1 Pork chop per person - quantities here are based on 4.
(you can also use pork steaks or thick slices of tenderloin)
1 small onion
4 cloves garlic. (more if you like more)
Black pepper - lots.
Worcestershire sauce - also lots - two tablespoons.
Good grinding of salt.
250g double cream.
Method:
Olive oil and butter for frying.
Marinade the pork in the Worcestershire sauce and a good grinding of black pepper.
If you can do this a little in advance it will be even better.
Slice the onion into half moons. In a large frying pan, soften the onion in the butter and olive oil mixture with some salt and the garlic. Put a lid on if possible - you want translucent, soft onion.
Lift the onion from the pan and set aside. Turn up the heat and add the pork chops. Brown the chops well on both sides then reduce the heat and cook until you are satisfied they are safely cooked. Set aside somewhere warm.
Deglaze the pan - either with a splash of wine or water and add any liquid from the pork marinade. Reduce for a minute or two until the pan is slightly sticky but not dry.
Add the onions back to the pan and add the cream. This next bit is best done with a silicon spatula.

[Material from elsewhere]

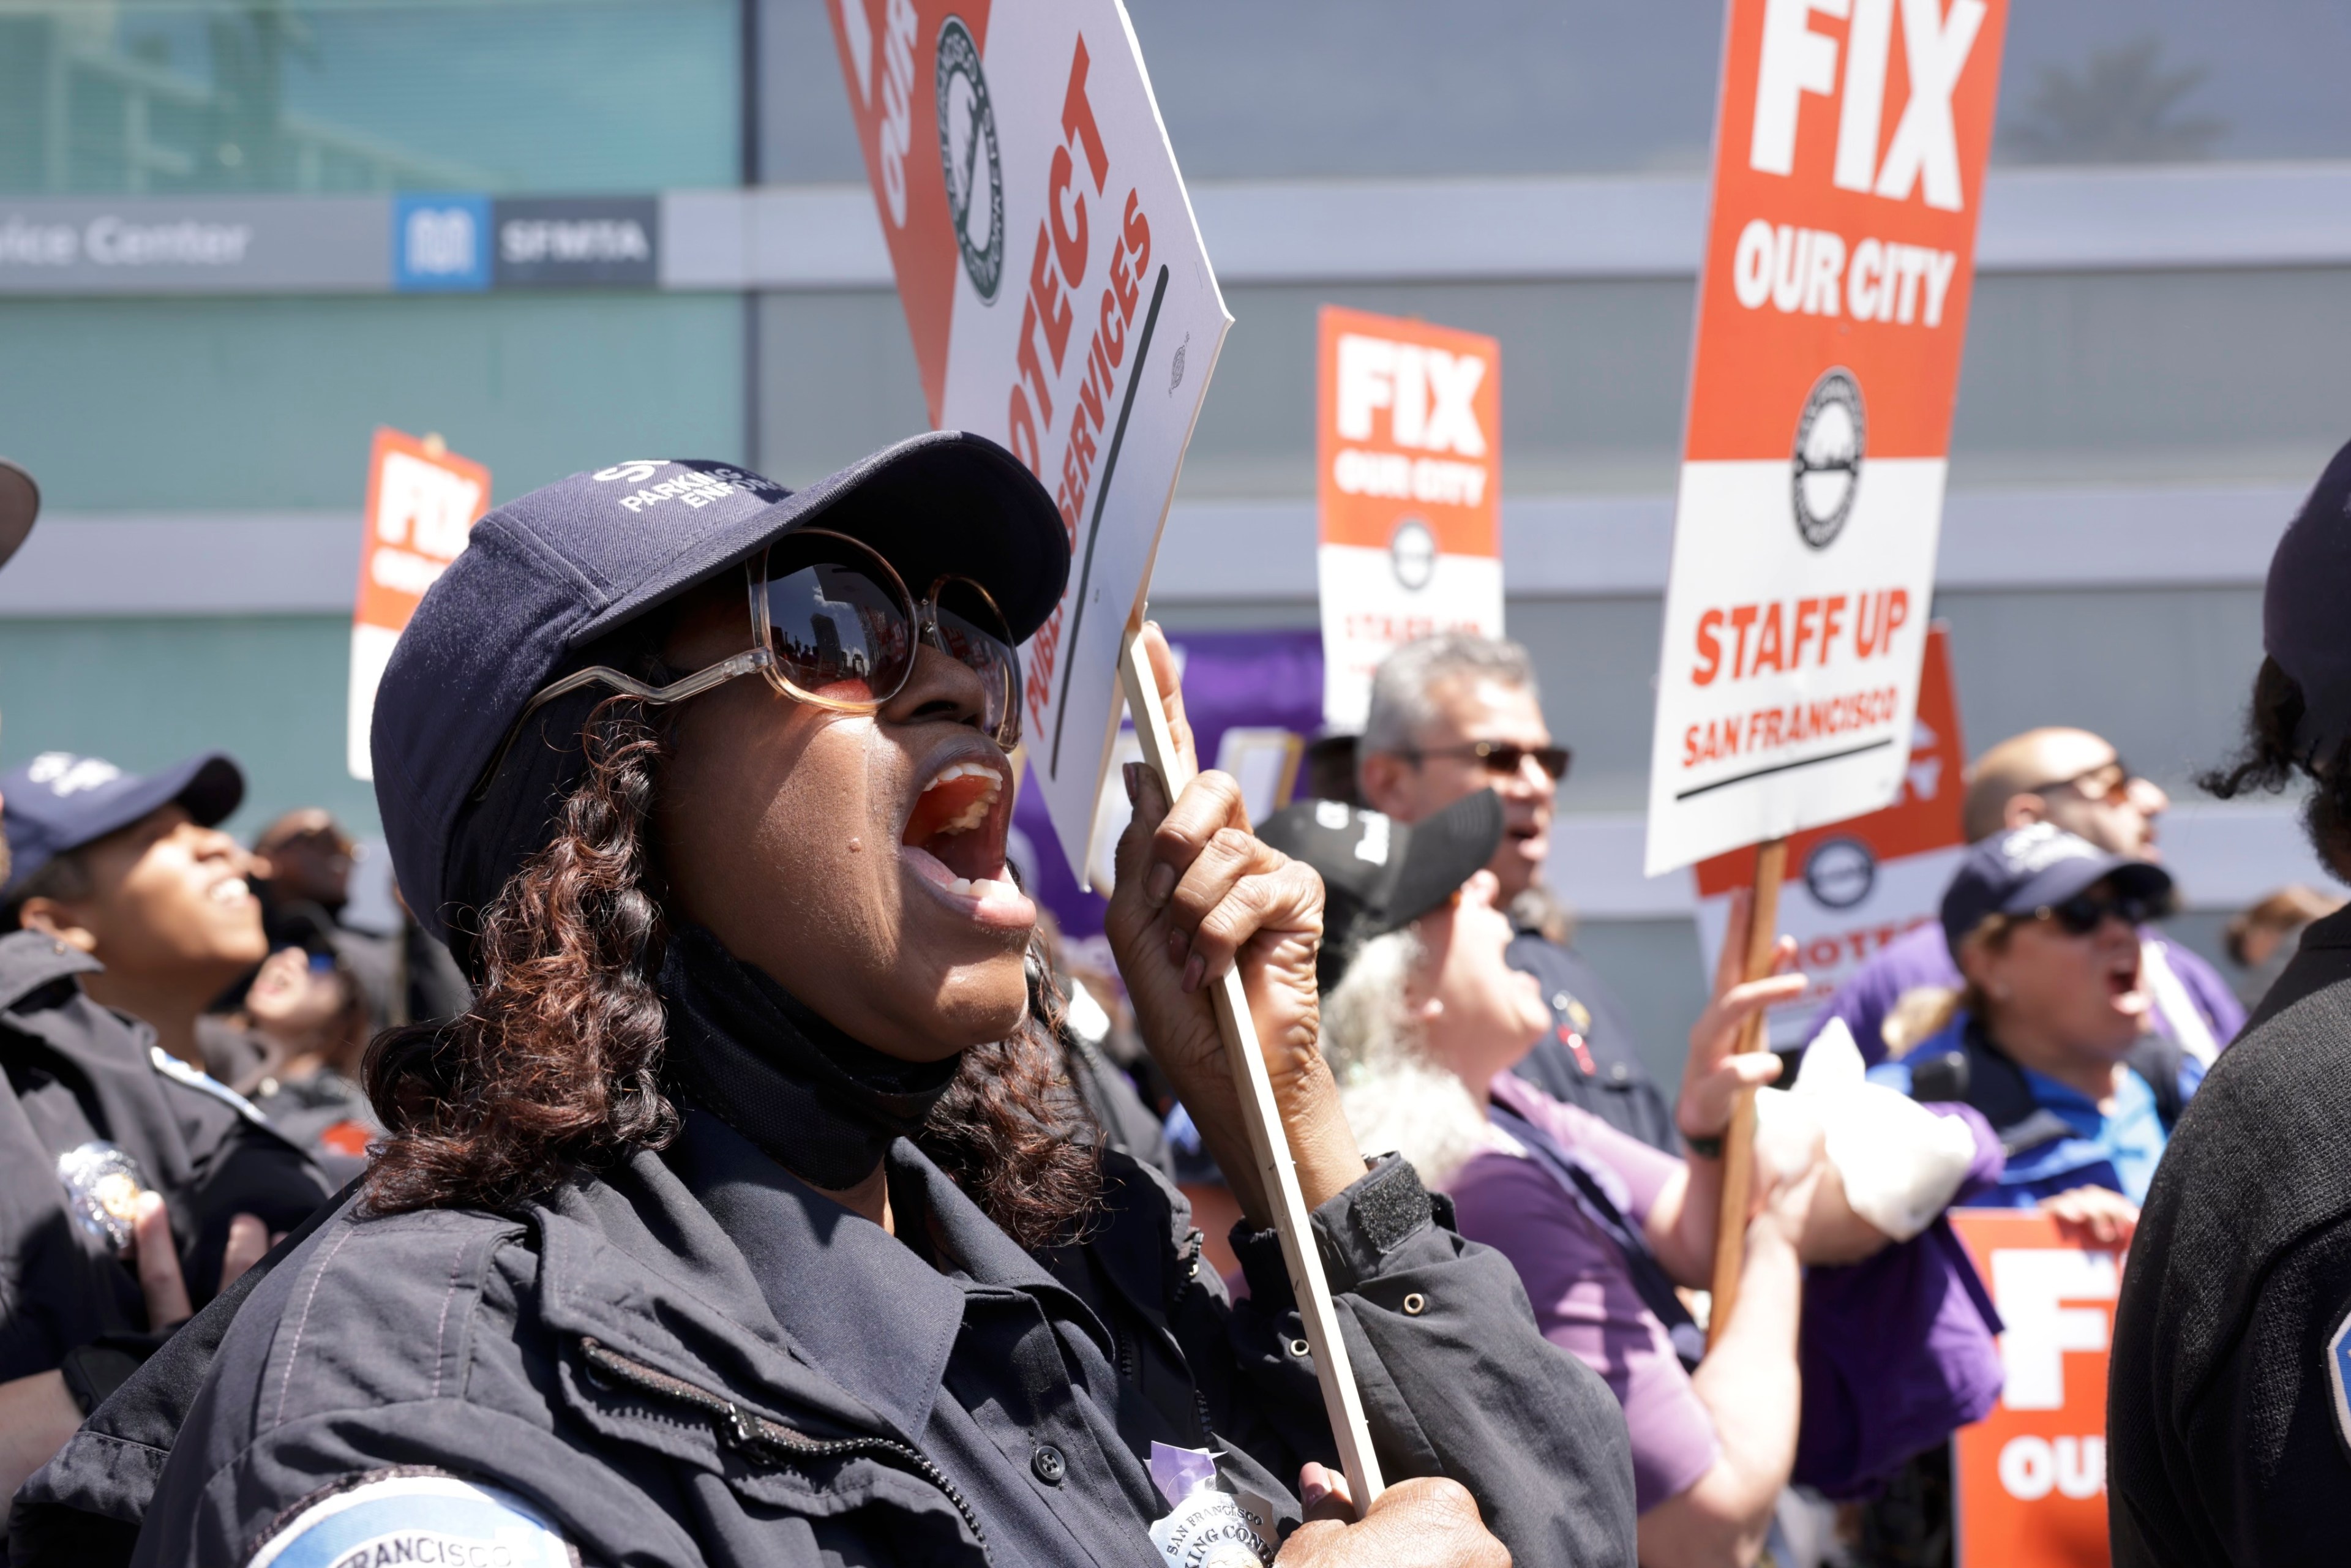 A group of people protesting, holding signs like "FIX OUR CITY." A woman in the foreground shouts, wearing sunglasses and a cap.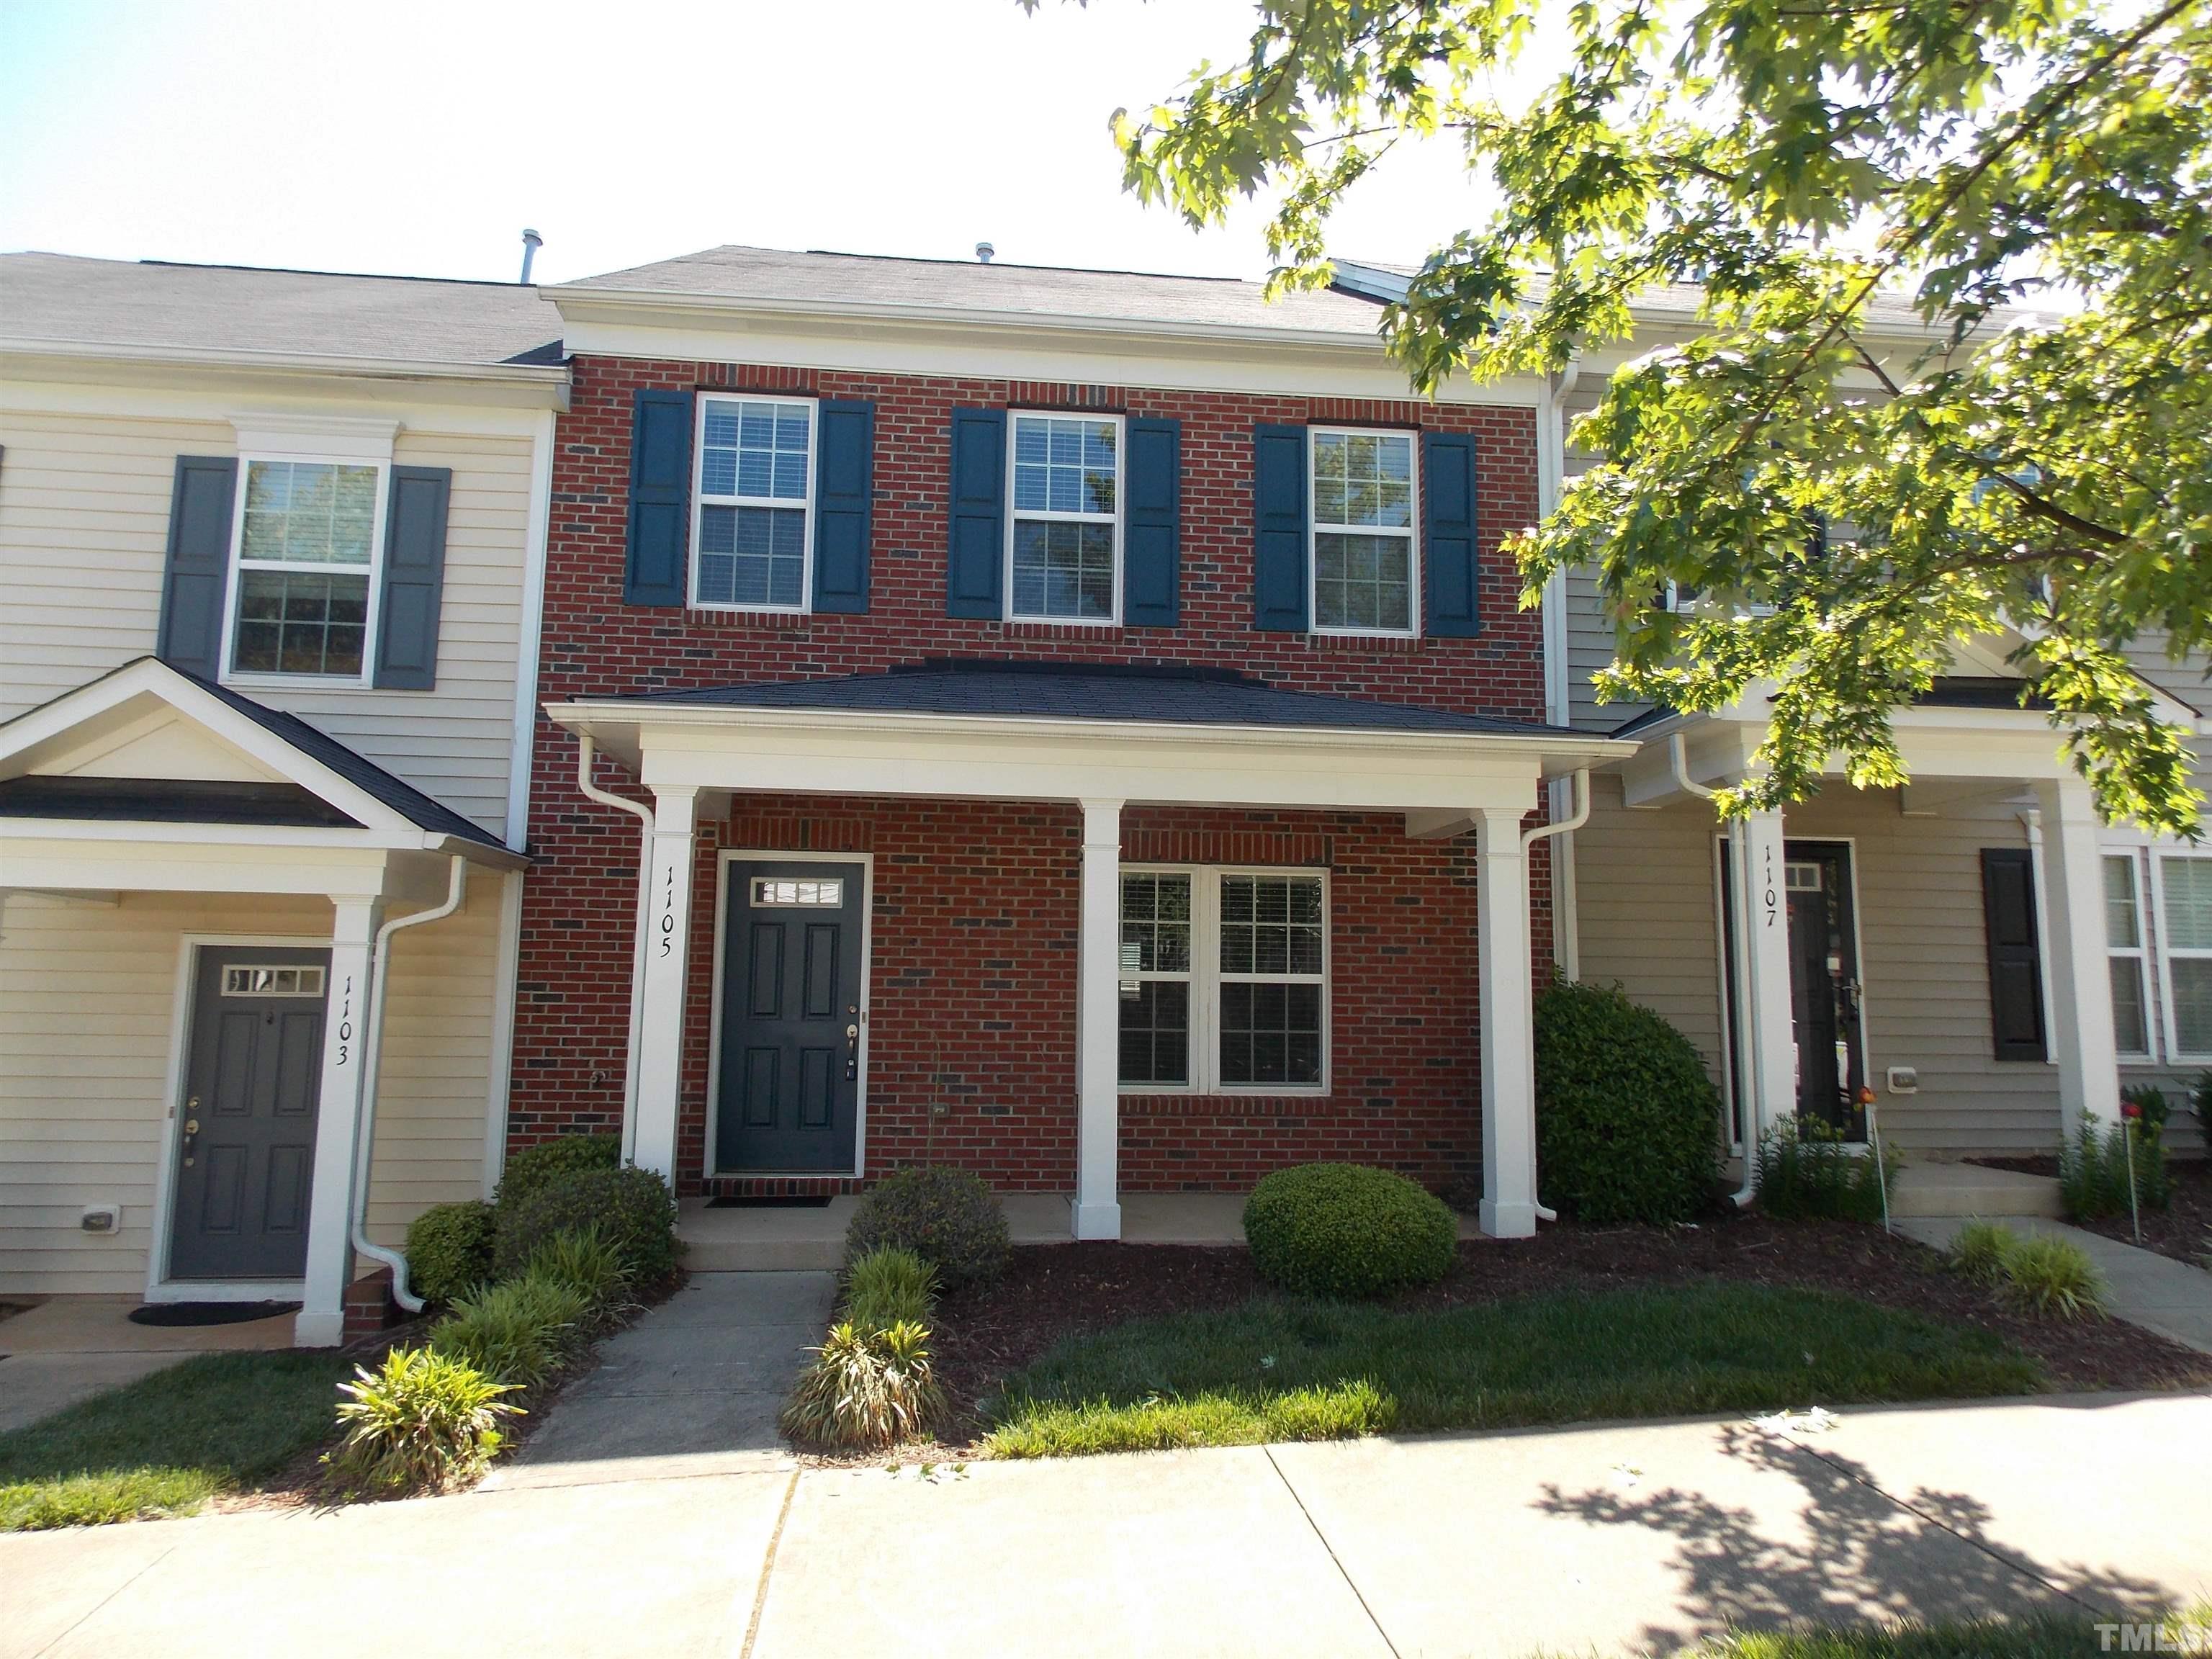 View Raleigh, NC 27603 townhome

Get the cream to a steady bubble and keep stirring, removing the mixture from the sides of the pan as it caramelises and mixing it back in. The cream will become a light brown as it cooks and reduces. Once it looks a nice caramel colour, add the pork chops back and any liquid from them and allow them to warm through. Add more black pepper to taste.
This is great with some simple greens or green beans.